The summer movie season is officially over, and while the end of the year will bring more blockbusters and major motion pictures, we now find ourselves in that period where some of the more unusual cinematic offerings are surfacing. One of those is Suspiria, the remake of the same-named 1977 film which follows a dancer (portrayed in this version by Dakota Johnson) who travels to a dance academy in Berlin and learns that the institutions has some dark secrets. Suspiria won't be released to the public until the end of October, but the movie recently had its world premiere at the Venice International Film Festival. Reviews have subsequently trickled in, and the early reactions paint the remake in a mixed light.

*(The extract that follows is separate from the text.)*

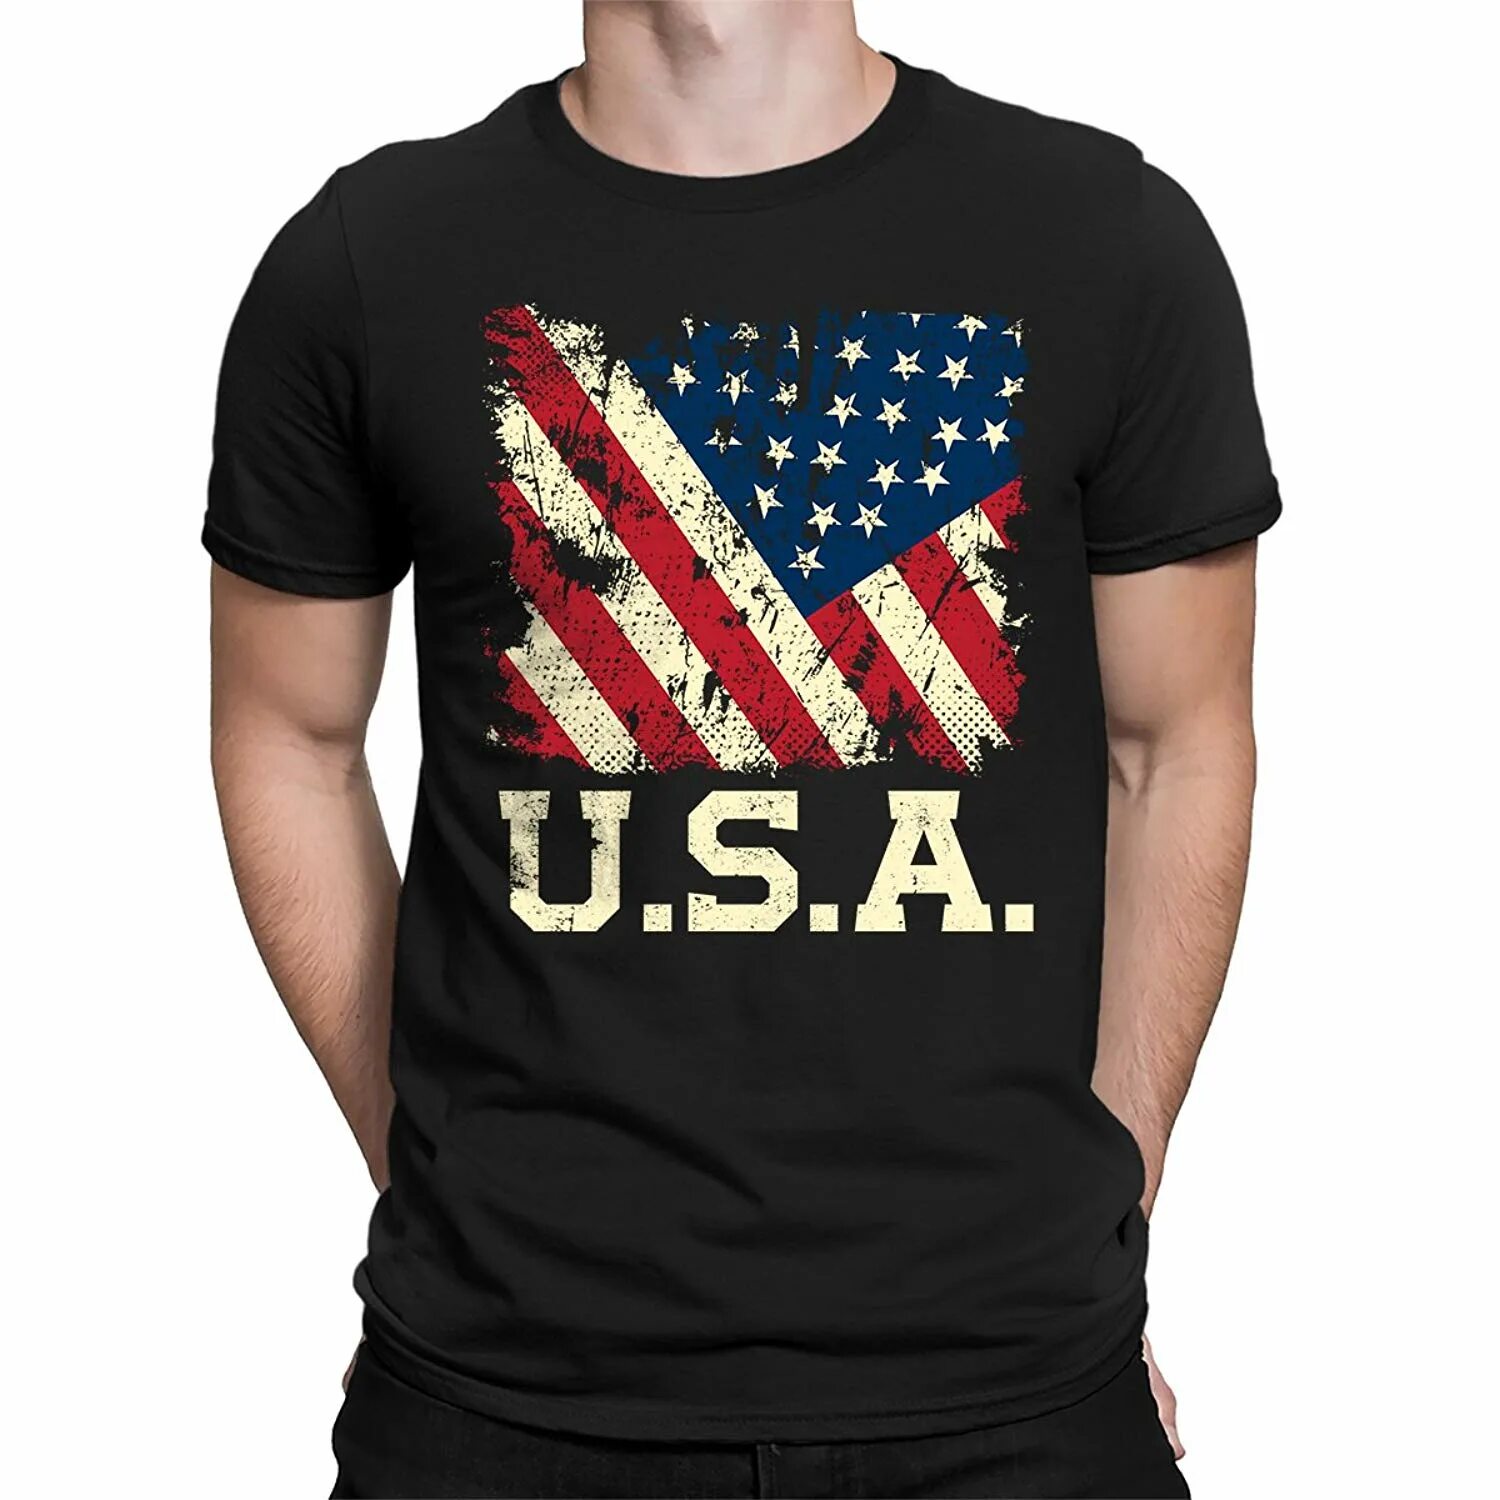 Американские надписи на футболках. Футболка с американским флагом. Майки американские мужские. Футболка с надписью USA. Купить футболку s

Guadagnino has made an ambitious homage, but it doesn't really benefit from its more intellectualized gaze, instead draining the stomach-churning thrills of great horror.
Variety's Owen Gleiberman also walked away from Suspiria feeling underwhelmed, noting that there are few shocks in the movie and that the story leaves a lot to be desired.
Director Luca Guadagnino has remade Dario Argento's flamboyant nuthouse horror movie into an art film about dance and witches in divided Berlin that's so self-serious it forgets to scare you.
On the positive end of the spectrum, Emily Yoshida from Vulture said in her review that Suspiria succeeds in re-imagining its predecessor, even if it is in no way "comfortable."
Suspiria is a gorgeous, hideous, uncompromising film, and while it seeks to do many things, settling our minds about the brutality of the past and human nature is not one of them.
Indiewire's David Ehrlich also enjoyed Suspiria, giving it an A- score and noting that it's not so much a remake of the original movie as it is an "estranged sibling" with its "richer, more explicit" presentation of the central "nightmare."
Suspiria is a film of rare and unfettered madness, and it leaves behind a scalding message that's written in pain and blood: The future will be a nightmare if we can't take responsibility for the past.
Finally, Alonso Duralde from The Wrap wasn't a fan of Suspiria, declaring that Luca Guadagnino's version of the story is paced with boredom, confusion and "a dollop of disappointment and irritation."
The frights aren't frightening, the political subtext never connects with the rest of the movie, and even Guadagnino's generally unfailing visual sense isn't enough to put this over.